## 🧬 CNN for TFBS Classification using k-mer Embeddings (Optuna-CNN-k-mer)

This notebook presents a deep learning pipeline for classifying DNA sequences as transcription factor binding sites (TFBS) or non-TFBS using k-mer based tokenization. DNA sequences are first broken into overlapping k-mers, which are then embedded via a trainable embedding layer.

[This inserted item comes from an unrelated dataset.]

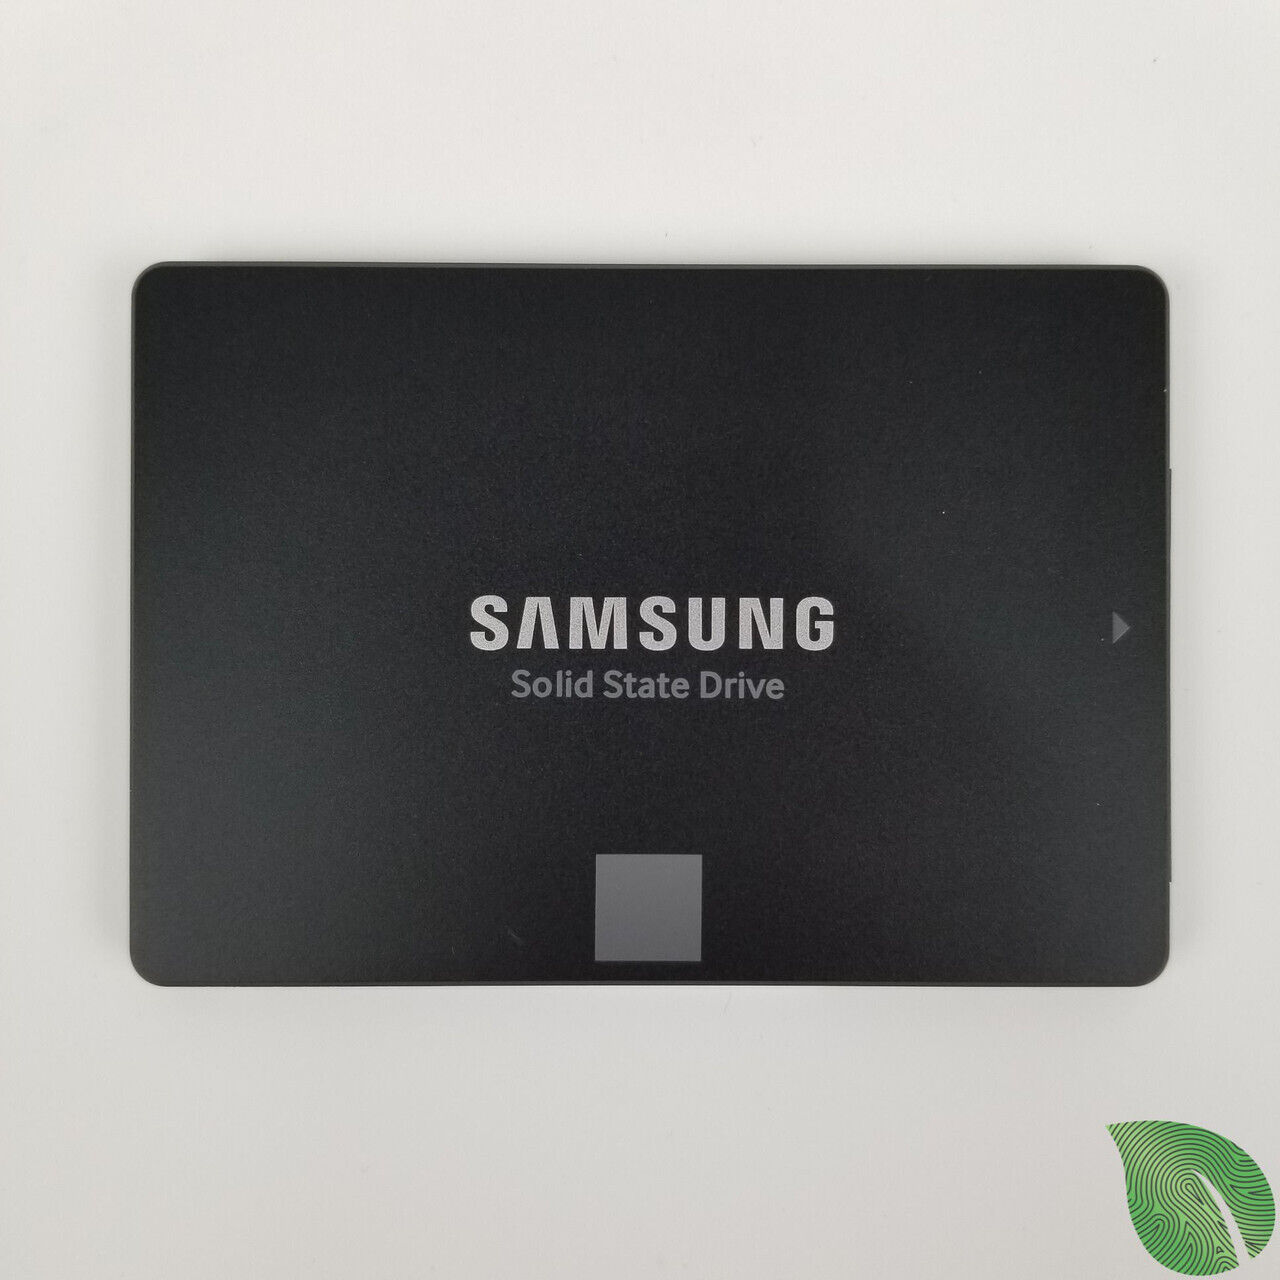 Samsung 850 Evo MZ-75E250 250GB SSD | Grade A

A dynamic CNN architecture is constructed, where the number of convolutional layers, filter sizes, number of filters, activation functions, and dropout rates are treated as tunable hyperparameters.

To automate and optimize the model architecture, the notebook employs Optuna, a powerful hyperparameter optimization framework. The objective function maximizes validation accuracy by searching across a defined hyperparameter space. The best-performing model is then saved for downstream inference.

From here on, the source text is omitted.